This is why you shouldn’t overuse emojis in social media.
🔗 Taken from the UK’s Royal National Institute of Blind People https://www.rnib.org.uk/
This is why you shouldn’t overuse emojis in social media.
🔗 Taken from the UK’s Royal National Institute of Blind People https://www.rnib.org.uk/
@Aday People shouldn't suffer from shitty software – demand better.
This is 100% a software issue that screen reader vendors need to fix.
@Aday I reject your insinuation that I'm not empathetic – you and me not writing like that (I don't write like this) is not changing anything in the grand scheme of things.
Even if *everyone* stopped writing like that, we still would have a huge corpus of pre-2024-07-18 text "written like that".
Emojis were encoded in Unicode in 2010. There is zero excuse for software vendors not getting their shit together for 15 years.

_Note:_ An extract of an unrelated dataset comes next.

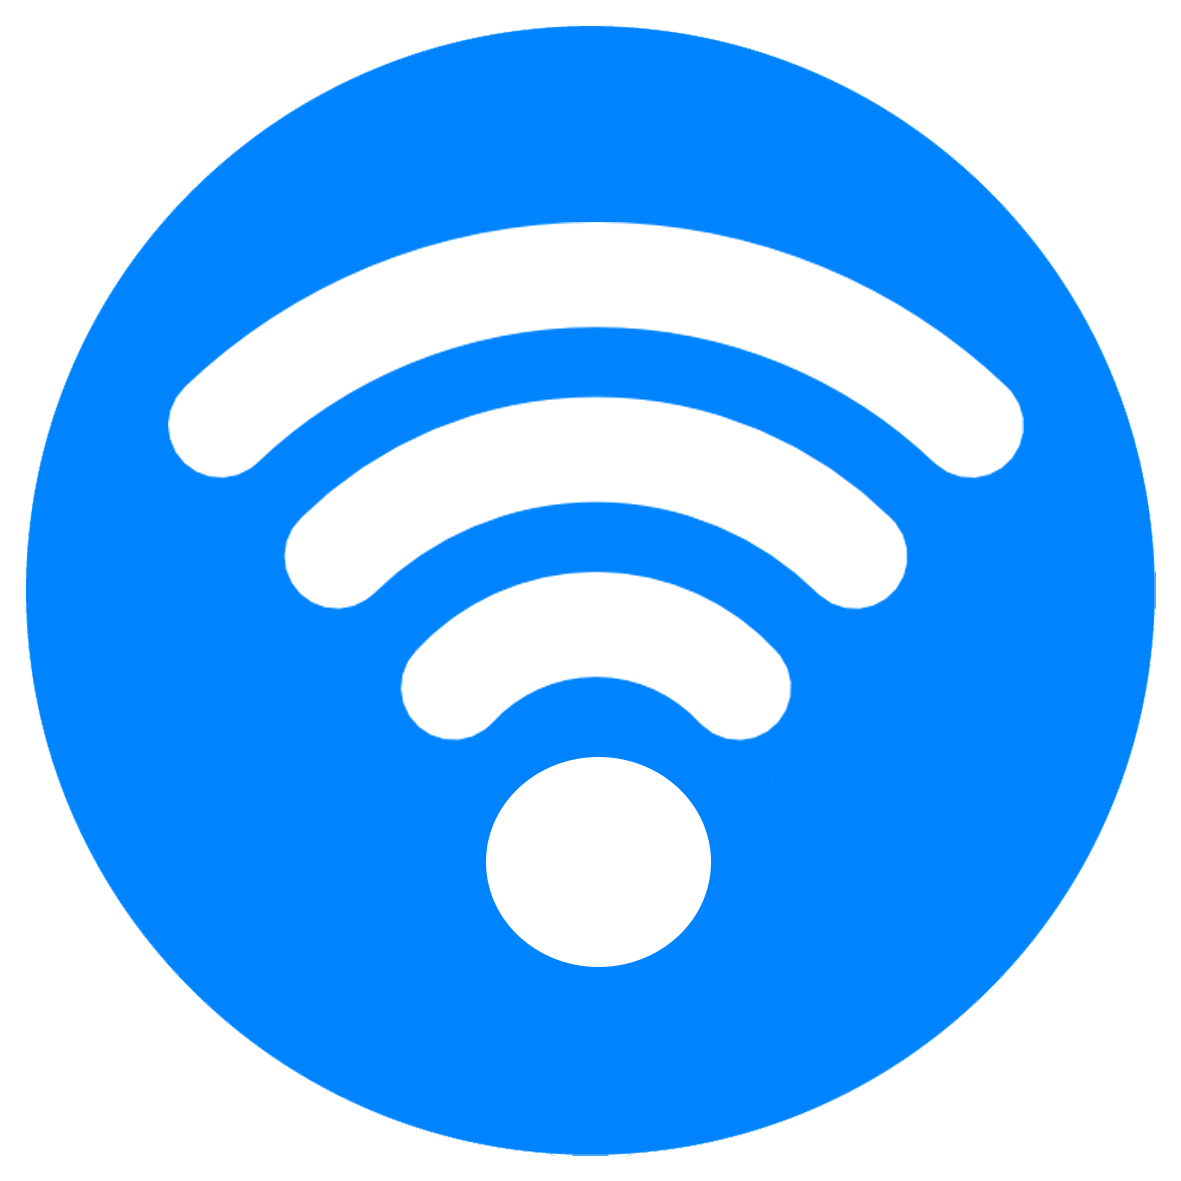 Wifi Icon Blue PNG Image - PurePNG | Free transparent CC0 ...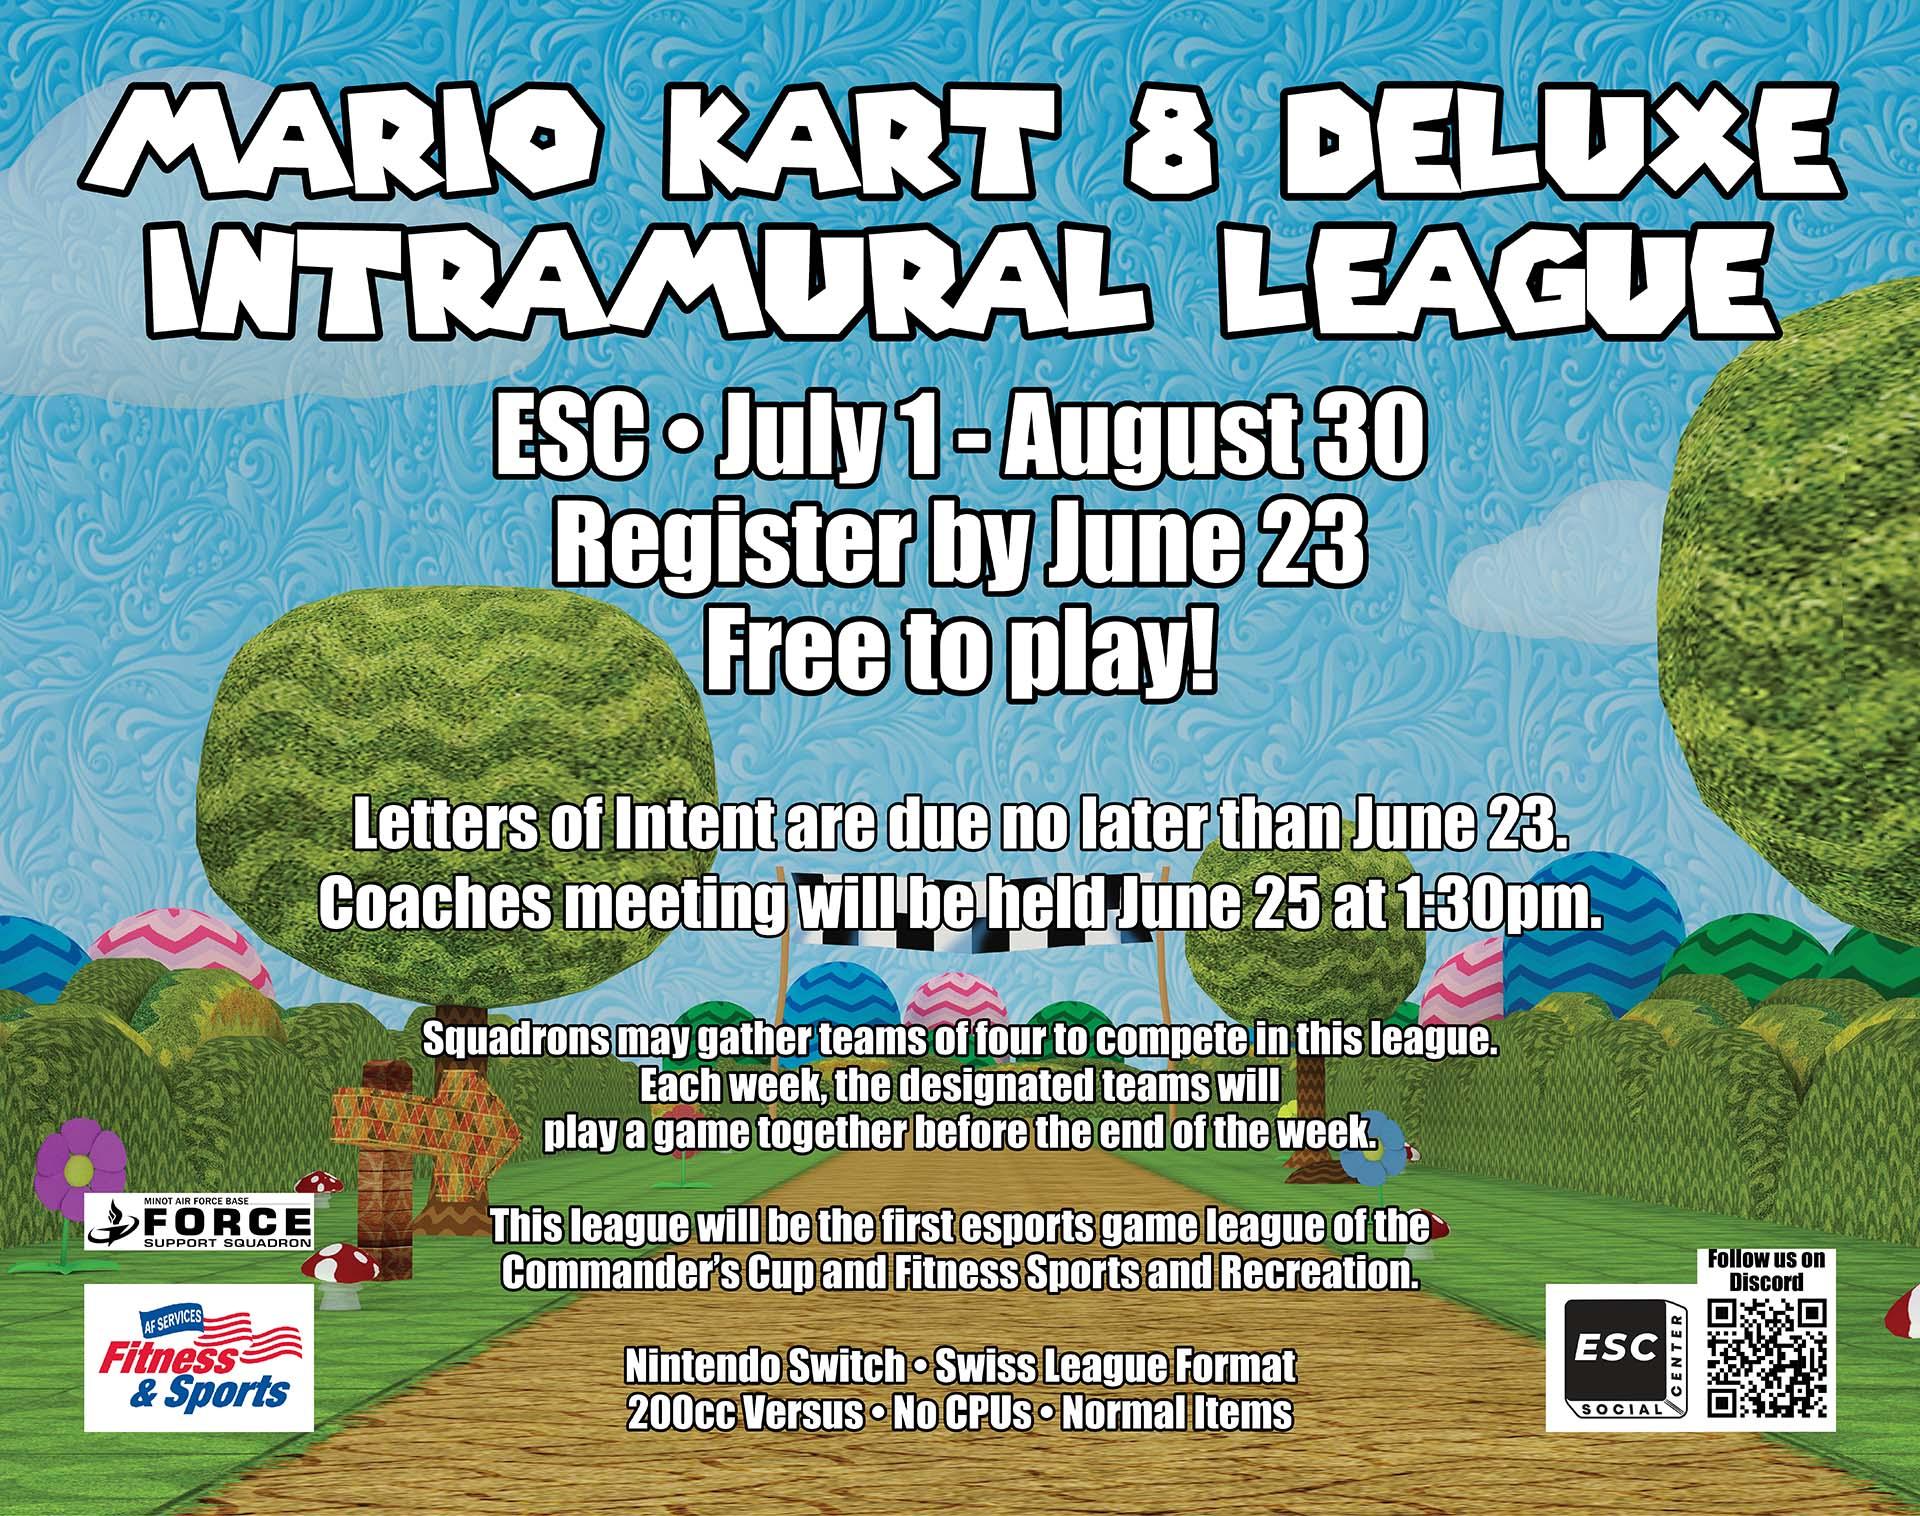 06.23 Mario Kart 8 Deluxe Intramural League - Extended

Tech should serve humans, not the other way around.
@soc That’s a really fair point, and to be clear, I wasn’t implying you’re not empathetic.
You’re right in that even if people who write like this stopped doing it, there’s plenty of “damage” already done. According to what I have seen, it seems to be true that screen reading software could use some help to put it lightly.
The question is, given that all of that is out of our control, should we use it as an excuse to avoid making things easier for others, or make them easy while demanding?
@soc Maybe I’m going too far, but I feel like we can draw a parallel here with climate change. Personally, I’m dissatisfied with big corps and certain countries not doing enough to fight climate change where it would make a real impact.
That doesn’t stop me from doing my part, even if it doesn’t seem to change anything. I apply the same mindset when it comes to accessibility, as much as I can. But yeah, tech should make this easier somehow, ideally.